Parole e musica di Sara Errani che, dopo la vittoria nel torneo di Palermo, è già nella storia del tennis italiano. La romagnola è infatti la prima giocatrice nostrana a vincere 4 tornei WTA in una sola stagione... e siamo solo a luglio.
La Errani sta vivendo senza ombra di dubbio il miglior anno della sua carriera e la dimostrazione è nel ranking WTA. A fine 2011, Sarita, come la chiamano a Valencia dove ormai si allena e vive da tempo, era la numero 45 al mondo; oggi è la numero 9. Puntare al Masters sembra più che mai la naturale conseguenza dei risultati raggiunti.
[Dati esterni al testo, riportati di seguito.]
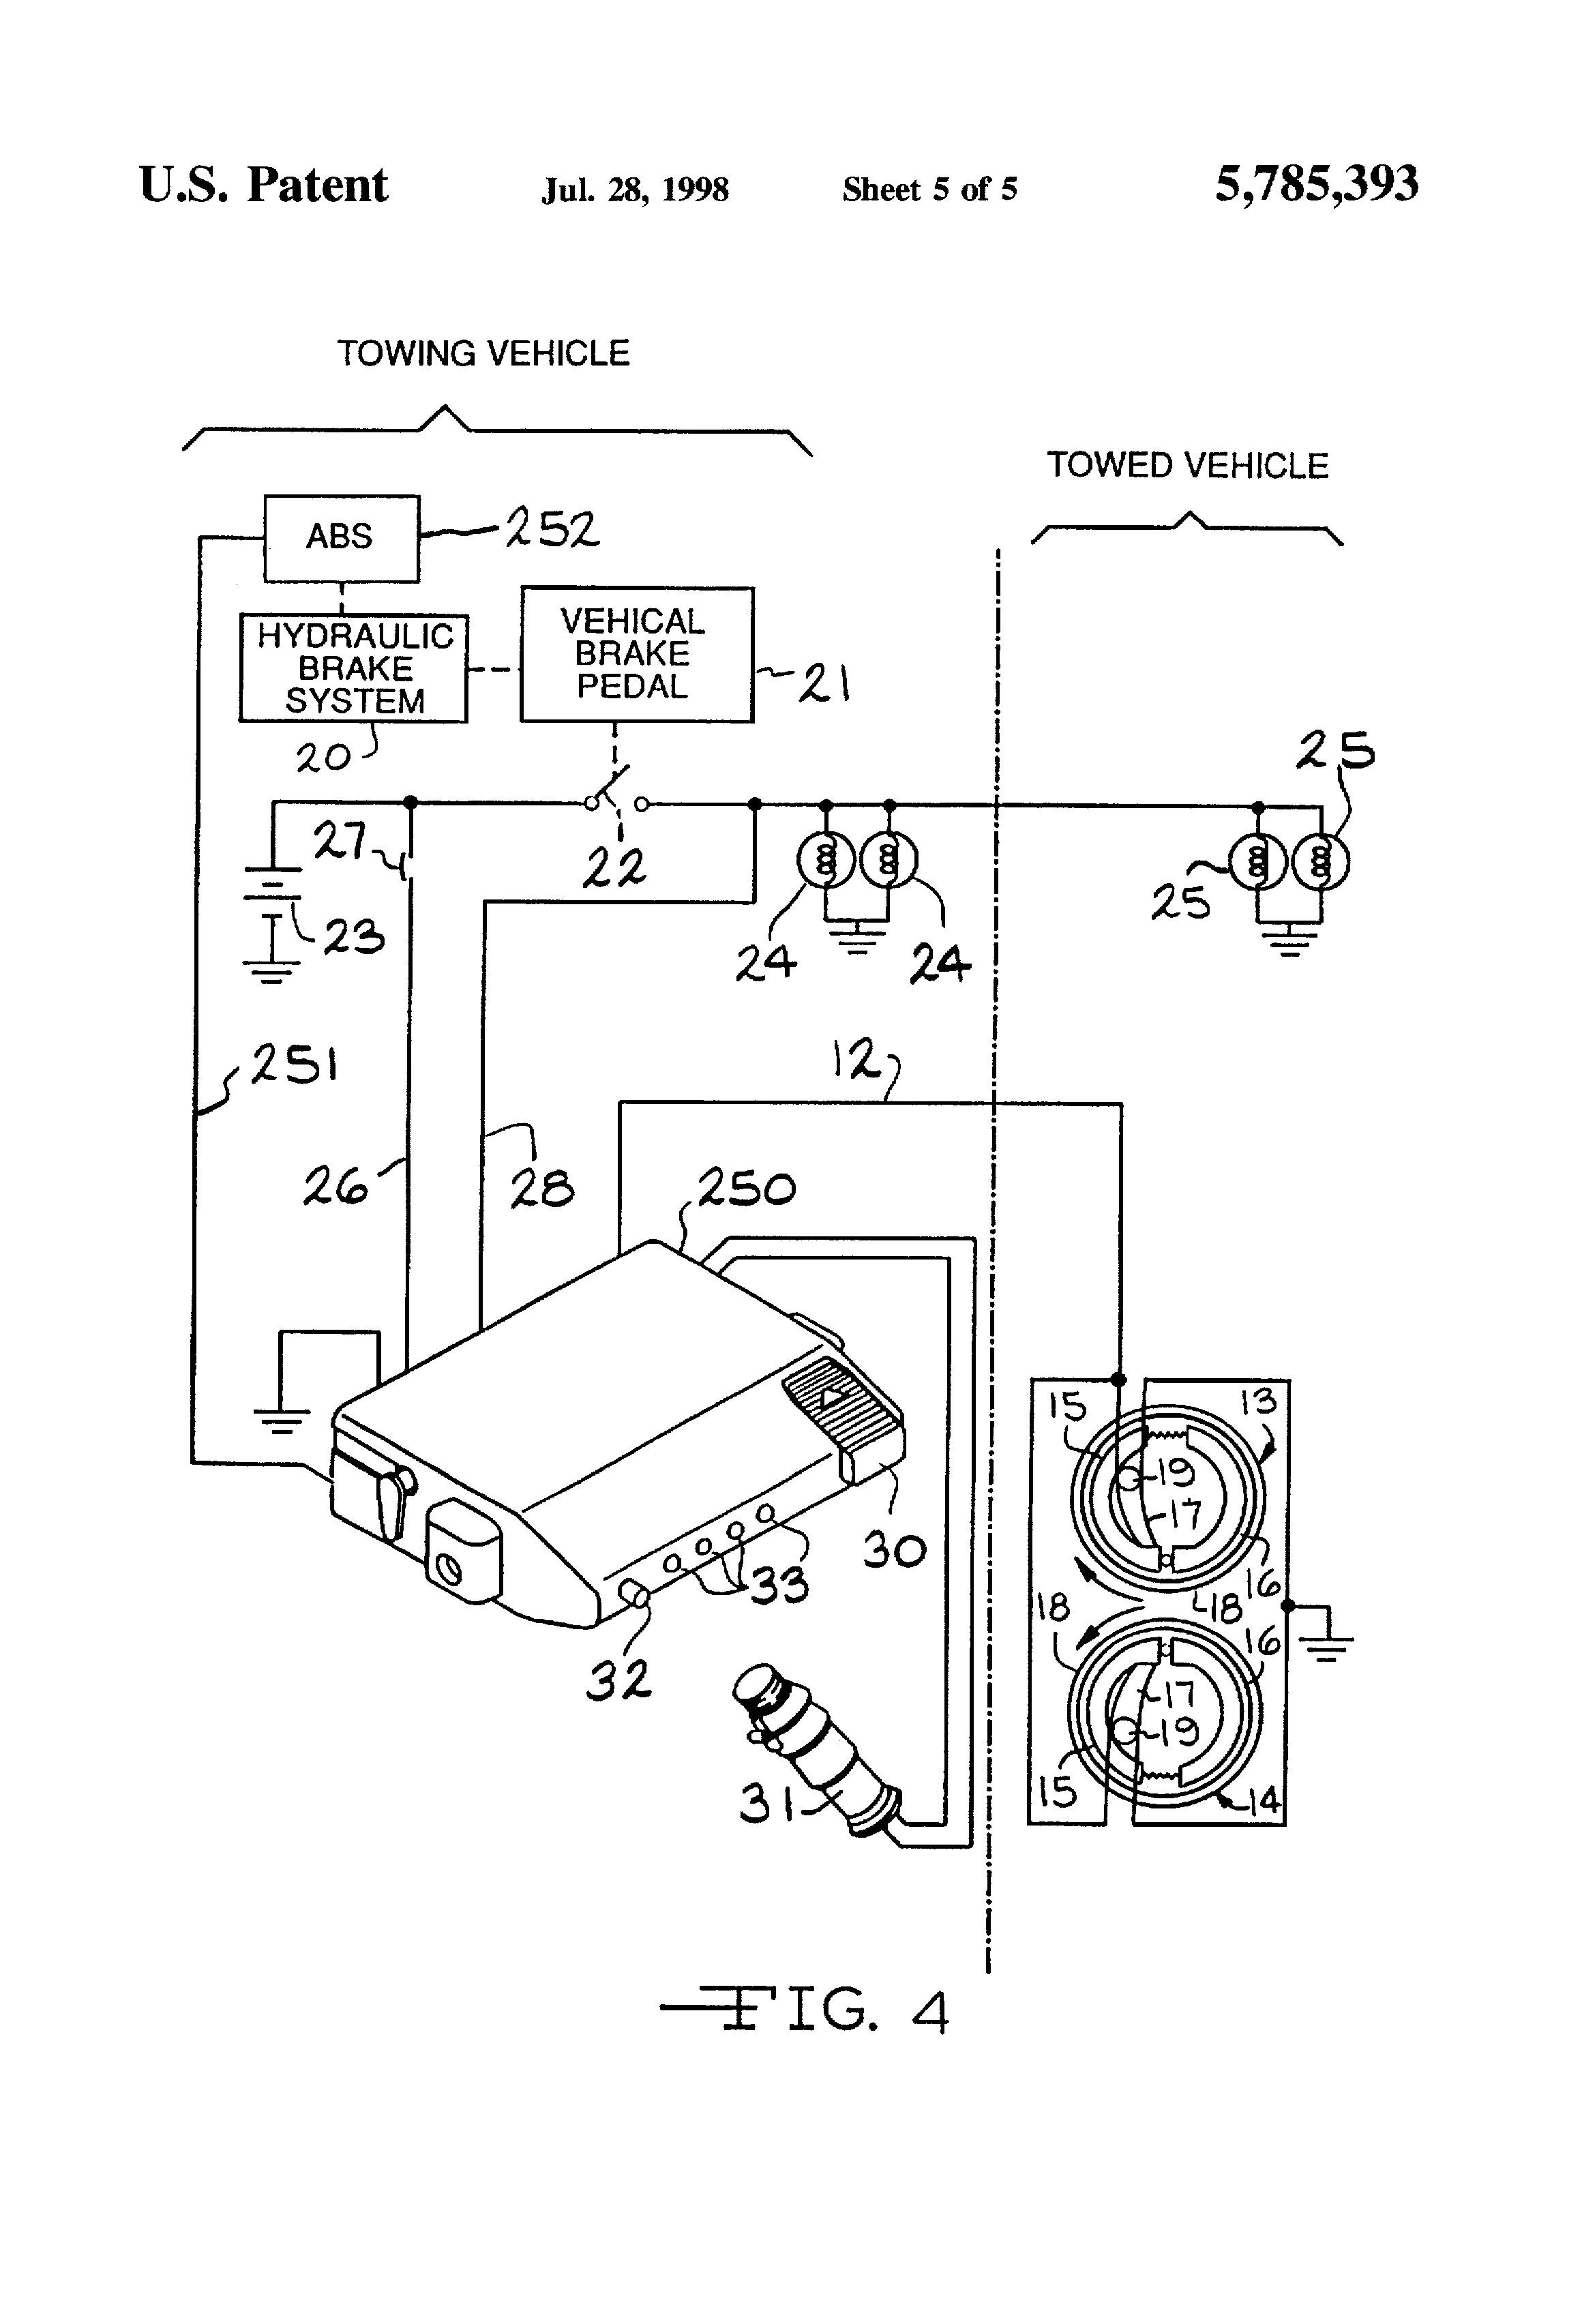 Trailer Breakaway Kit Wiring Diagram Electric Brake Controller Wiring Diagram Wiring Diagram Of Trailer Breakaway Kit Wiring Diagram

La Errani ha iniziato il suo anno alla grande con i quarti all'Australian Open, la vittoria ad Acapulco, la vittoria a Barcellona, quella a Budapest, e l'incredibile finale di Parigi contro Maria Sharapova, prima appunto dell'ultimo successo a Palermo. Fondamentale per la scalata della romagnola è stato però il cambio di racchetta. Come lei stesso ha più volte dichiarato, passando a una Babolat leggermente più lunga, la 25enne è riuscita ad ottenere "maggiore sicurezza nei colpi e imprimere più potenza".
Non solo questo però. In inverno la romagnola ha lavorato tantissimo sul piano fisico e sulla resistenza. E questo si è visto, soprattutto al Roland Garros, dove è riuscita a raggiungere la finale sia nel singolare che nel doppio, sfiorando un'impresa - la doppia vittoria - riuscita l'ultima volta a Parigi più di 10 anni fa soltanto a Mary Pierce.
Adesso, appunto, l'Olimpiade. La Errani giocherà 3 prove su 3: il singolare, il doppio con la Vinci - qui la medaglia è più che mai possibile -, e il doppio misto con Fabio Fognini. Il torneo olimpico regala punti WTA... e per la scalata all'ottavo posto perché non cominciare proprio da lì?